Unfallversicherung für Singles, Paare, Familien und Kinder

Jedes Jahr erleiden rund acht Millionen Menschen einen Unfall in Deutschland. Die meisten Unfälle ereignen sich in der Freizeit, entweder zu Hause, im Verkehr oder beim Sport. Ein schwerer Unfall kann zu anhaltenden gesundheitlichen Beeinträchtigungen und zu zusätzlichen finanziellen Belastungen führen. Hier greift die private Unfallversicherung, sie sorgt für finanzielle Entlastung und schützt vor Einkommensverlusten im Invaliditätsfall.

Unfallschutz

Diese Versicherung bietet Ihnen finanziellen Schutz im Invaliditätsfall durch ein versichertes Unfallereignis. Bis auf wenige Ausnahmen (z.B. bei Einreise in Krisen- oder Kriegsgebiete) bietet sie weltweiten Versicherungsschutz der rund um die Uhr gilt.

Aufgaben und Leistungen

  • Kernleistung der privaten Unfallversicherung ist eine einmalige Kapitalzahlung, die Höhe der Kapitalleistung ergibt sich dabei aus der vereinbarten Versicherungssumme, der Gliedertaxe und dem festgestellten Invaliditätsgrad.
  • Absicherung von unfallbedingten Mehrkosten: Mit einer privaten Unfallversicherung können anfallende Mehrkosten, wie z.B. für den Umbau von Haus und Auto, spezielle Hilfsmittel, Therapien oder die notwendige Kinderbetreuung abgedeckt werden.
  • Ausgleich von Einkommensverlusten: Darüber hinaus können mit einer privaten Unfallversicherung entstehende Einkommensverluste durch eine Unfallinvalidität ausgeglichen werden, zumindest dann, wenn eine ausreichende Invaliditätssumme vereinbart wurde. Die Grundsumme vor Progression sollte daher in einer ausreichenden Höhe vereinbart werden.

Ausreichend versichern

Wichtig sind ausreichende Kapitalleistungen im Invaliditätsfall.

Für Erwachsene sollte die Grundversicherungssumme für den Invaliditätsfall mindestens 100.000 € und für Kinder unter dem 18 Jahren mindestens 200.000 € betragen. Wer sich über seinen Versicherungsbedarf nicht sicher ist kann sich auch an der allgemein geltenden Faustformel orientieren.

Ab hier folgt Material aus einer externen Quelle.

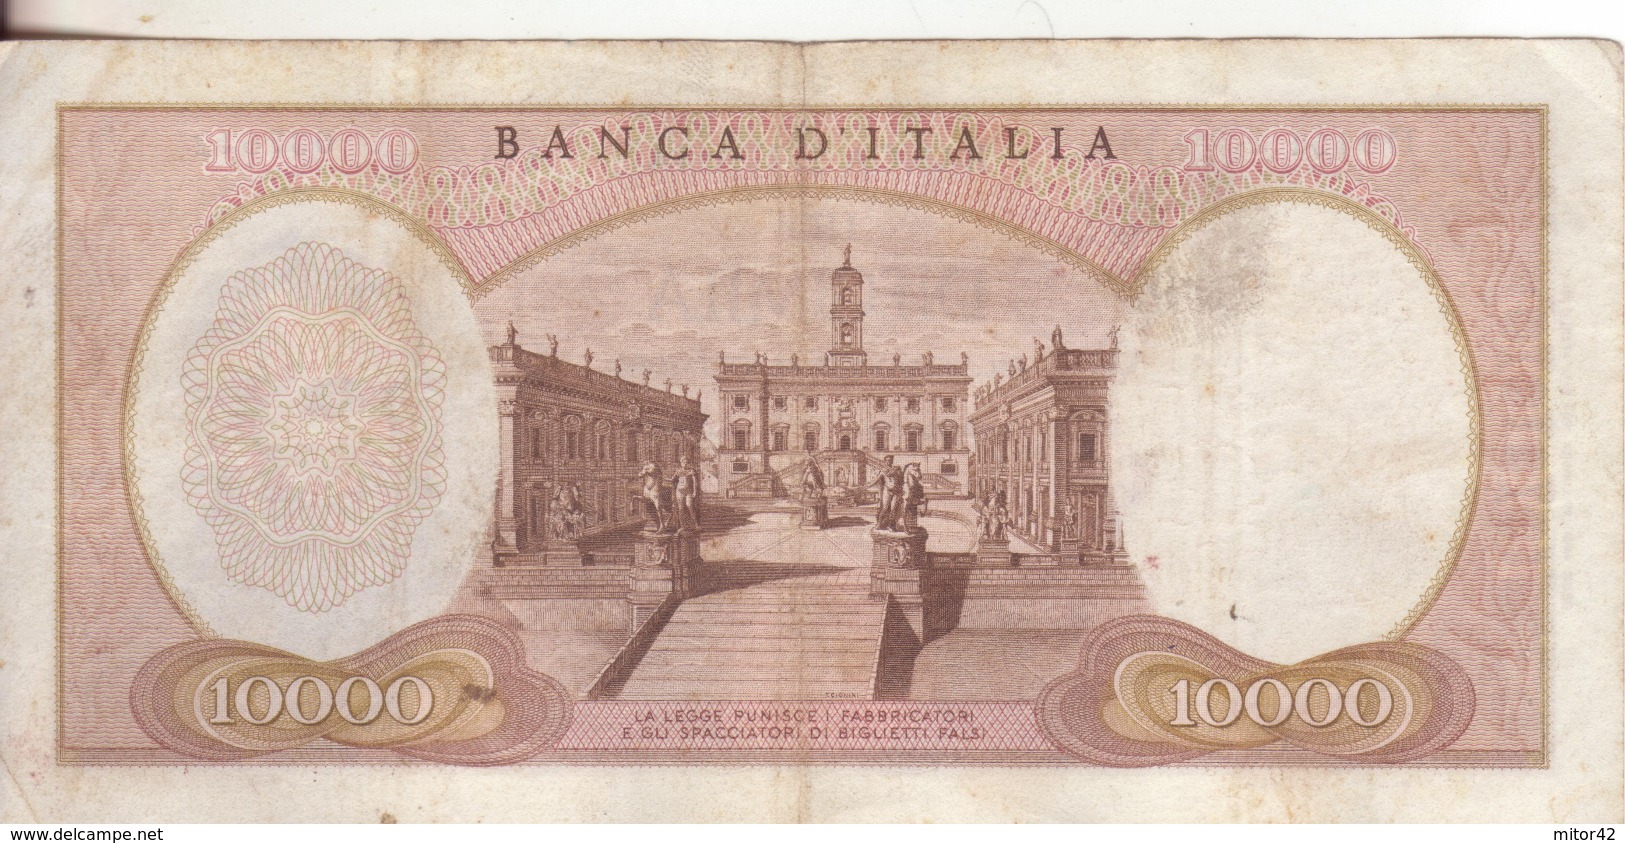 67*-Cartamoneta-Banconota Italia Repubblica Da L10.000 Michelangelo 27.7.64-Catalogata Rara-Condizione:Circolata - 10.000 Lire

Als Faustformel für den Versicherungsbedarf im Falle eines Unfalls mit Invaliditätsfolge gilt:

  • für 30-jährige Personen: das 6-fache Bruttojahreseinkommen
  • für 40-jährige Personen: das 5-fache Bruttojahreseinkommen
  • für 50-jährige Personen: das 4-fache Bruttojahreseinkommen

Mit einer gut kalkulierten Grundsumme haben Sie die Grundlage für eine ausreichende Versicherungsleistung im Invaliditätsfall geschaffen. Darüber hinaus beeinflussen die Gliedertaxe und die gewählte Progressionshöhe die Höhe der Versicherungsleistung maßgeblich.

Gliedertaxe

Die Gliedertaxe gibt Auskunft über den Invaliditätsgrad.

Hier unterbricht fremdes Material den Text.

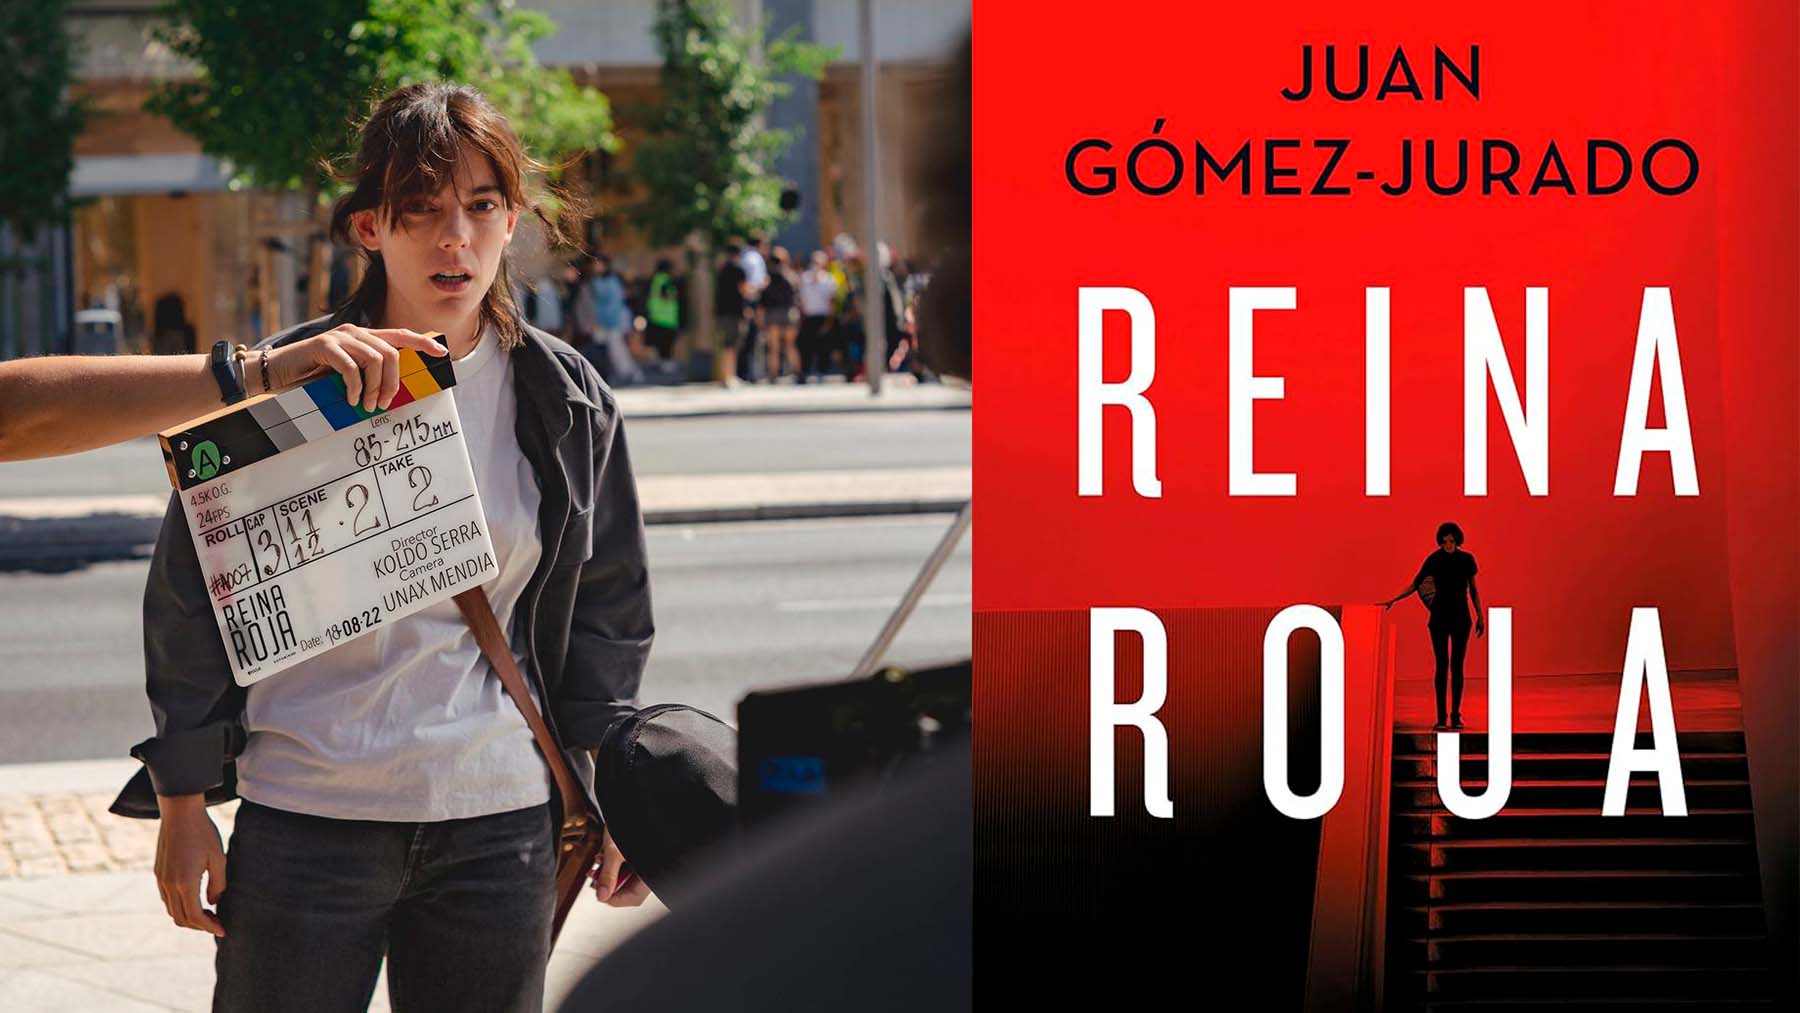 Merece la pena el nuevo libro de Juan Gómez-Jurado?

In der Gliedertaxe werden die Invaliditätsgrade der einzelnen Gliedmaßen geregelt. Ist ein Bein bis unterhalb des Knies nicht mehr funktionsfähig liegt der Invaliditätsgrad bei 50 Prozent, ist der Daumen nicht mehr funktionsfähig bemisst sich der Invaliditätsgrad auf 20 Prozent – jeweils nach den empfohlenen Musterbedingungen des Gesamtverbandes der Deutschen Versicherungswirtschaft (GDV). Neben dieser standardisierten Gliedertaxe werden – je nach Tarif und Versicherer – auch bessere Gliedertaxen mit höheren Leistungsgraden angeboten.

Progression

Eine Progression erhöht die Kapitalleistung mit steigendem Invaliditätsgrad.

Wenn Sie sich für einen Tarif mit Progression entscheiden fallen die Versicherungsleistungen deutlich höher aus.

Wählen Sie bei einer vereinbarten Grundinvaliditätssumme von 100.000 € bspw. einen Tarif mit einer Progression von 500 Prozent, würde bei einer Invalidität von 100 Prozent – wie z.B. bei einer Querschnittslähmung – eine Kapitalauszahlung von 500.000 € fällig.

Solch eine Summe kann eine enorme Hilfe sein, wenn behindertengerechte Umbaumaßnahmen z.B. am Haus oder am Auto im Invaliditätsfall notwendig werden und finanziert werden müssen.

Eine der Höhe nach ausreichende Kapitalleistung, die der Versicherer im Fall einer dauerhaften Beeinträchtigung zahlt, ist das wichtigste Kriterium für die Auswahl einer privaten Unfallversicherung.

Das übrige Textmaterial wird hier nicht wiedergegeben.